What the exercise asks: Using the records below, quote only the span that opens with the line containing "Шлем Себастьяна Феттеля" and closes with the line containing "The MegaChef Crepe", exactly and inclusively.
_ _ _ _ _ _ _
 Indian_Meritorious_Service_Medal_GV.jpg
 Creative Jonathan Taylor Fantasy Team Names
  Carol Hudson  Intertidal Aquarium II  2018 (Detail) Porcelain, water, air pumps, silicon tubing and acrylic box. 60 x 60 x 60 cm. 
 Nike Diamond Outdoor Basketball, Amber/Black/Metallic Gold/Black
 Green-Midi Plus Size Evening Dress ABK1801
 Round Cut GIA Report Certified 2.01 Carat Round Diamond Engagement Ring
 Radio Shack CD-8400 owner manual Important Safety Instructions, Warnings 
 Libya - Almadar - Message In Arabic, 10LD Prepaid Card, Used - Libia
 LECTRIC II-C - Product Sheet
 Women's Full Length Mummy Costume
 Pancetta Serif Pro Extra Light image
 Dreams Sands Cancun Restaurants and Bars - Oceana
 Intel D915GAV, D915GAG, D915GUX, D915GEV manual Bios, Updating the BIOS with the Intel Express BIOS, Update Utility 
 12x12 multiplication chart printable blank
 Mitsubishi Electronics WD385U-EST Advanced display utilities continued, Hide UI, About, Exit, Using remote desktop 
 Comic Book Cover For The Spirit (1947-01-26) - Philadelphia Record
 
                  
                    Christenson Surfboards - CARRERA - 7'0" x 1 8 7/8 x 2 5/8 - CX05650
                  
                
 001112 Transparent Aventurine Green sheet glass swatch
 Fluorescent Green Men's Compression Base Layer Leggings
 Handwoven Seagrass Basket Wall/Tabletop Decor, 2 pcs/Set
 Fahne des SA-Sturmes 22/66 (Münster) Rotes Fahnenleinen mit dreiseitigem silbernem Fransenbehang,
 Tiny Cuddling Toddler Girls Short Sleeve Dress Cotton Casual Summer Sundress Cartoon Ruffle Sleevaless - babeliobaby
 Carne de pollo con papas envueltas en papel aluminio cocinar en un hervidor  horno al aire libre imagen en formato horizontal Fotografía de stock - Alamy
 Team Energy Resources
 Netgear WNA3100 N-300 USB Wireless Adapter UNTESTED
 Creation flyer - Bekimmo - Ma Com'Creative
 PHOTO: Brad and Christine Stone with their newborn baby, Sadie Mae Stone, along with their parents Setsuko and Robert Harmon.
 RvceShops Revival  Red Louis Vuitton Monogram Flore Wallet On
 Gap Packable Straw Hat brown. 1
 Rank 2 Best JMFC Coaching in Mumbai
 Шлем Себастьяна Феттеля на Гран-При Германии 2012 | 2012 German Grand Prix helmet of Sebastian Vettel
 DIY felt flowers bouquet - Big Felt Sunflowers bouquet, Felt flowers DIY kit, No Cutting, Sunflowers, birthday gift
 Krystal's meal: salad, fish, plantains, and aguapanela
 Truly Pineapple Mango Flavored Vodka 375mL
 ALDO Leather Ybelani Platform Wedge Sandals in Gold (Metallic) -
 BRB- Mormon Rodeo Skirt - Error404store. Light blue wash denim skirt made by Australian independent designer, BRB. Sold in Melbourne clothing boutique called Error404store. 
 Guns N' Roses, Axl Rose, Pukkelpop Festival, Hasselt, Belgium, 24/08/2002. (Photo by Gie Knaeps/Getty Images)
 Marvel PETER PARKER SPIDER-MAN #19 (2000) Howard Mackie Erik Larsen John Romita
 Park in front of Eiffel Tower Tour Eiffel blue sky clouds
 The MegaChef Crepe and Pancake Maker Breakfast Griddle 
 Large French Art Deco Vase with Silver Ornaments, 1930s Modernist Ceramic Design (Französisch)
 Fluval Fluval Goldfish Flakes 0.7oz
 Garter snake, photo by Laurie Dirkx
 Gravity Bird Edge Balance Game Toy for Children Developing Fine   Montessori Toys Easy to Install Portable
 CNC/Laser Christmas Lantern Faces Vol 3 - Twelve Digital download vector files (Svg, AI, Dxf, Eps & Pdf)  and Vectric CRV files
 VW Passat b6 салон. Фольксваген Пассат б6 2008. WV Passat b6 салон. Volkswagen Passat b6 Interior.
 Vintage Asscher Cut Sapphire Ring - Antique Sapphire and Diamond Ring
_ _ _ _ _ _ _
Solution to this task:
 Шлем Себастьяна Феттеля на Гран-При Германии 2012 | 2012 German Grand Prix helmet of Sebastian Vettel
 DIY felt flowers bouquet - Big Felt Sunflowers bouquet, Felt flowers DIY kit, No Cutting, Sunflowers, birthday gift
 Krystal's meal: salad, fish, plantains, and aguapanela
 Truly Pineapple Mango Flavored Vodka 375mL
 ALDO Leather Ybelani Platform Wedge Sandals in Gold (Metallic) -
 BRB- Mormon Rodeo Skirt - Error404store. Light blue wash denim skirt made by Australian independent designer, BRB. Sold in Melbourne clothing boutique called Error404store. 
 Guns N' Roses, Axl Rose, Pukkelpop Festival, Hasselt, Belgium, 24/08/2002. (Photo by Gie Knaeps/Getty Images)
 Marvel PETER PARKER SPIDER-MAN #19 (2000) Howard Mackie Erik Larsen John Romita
 Park in front of Eiffel Tower Tour Eiffel blue sky clouds
 The MegaChef Crepe and Pancake Maker Breakfast Griddle 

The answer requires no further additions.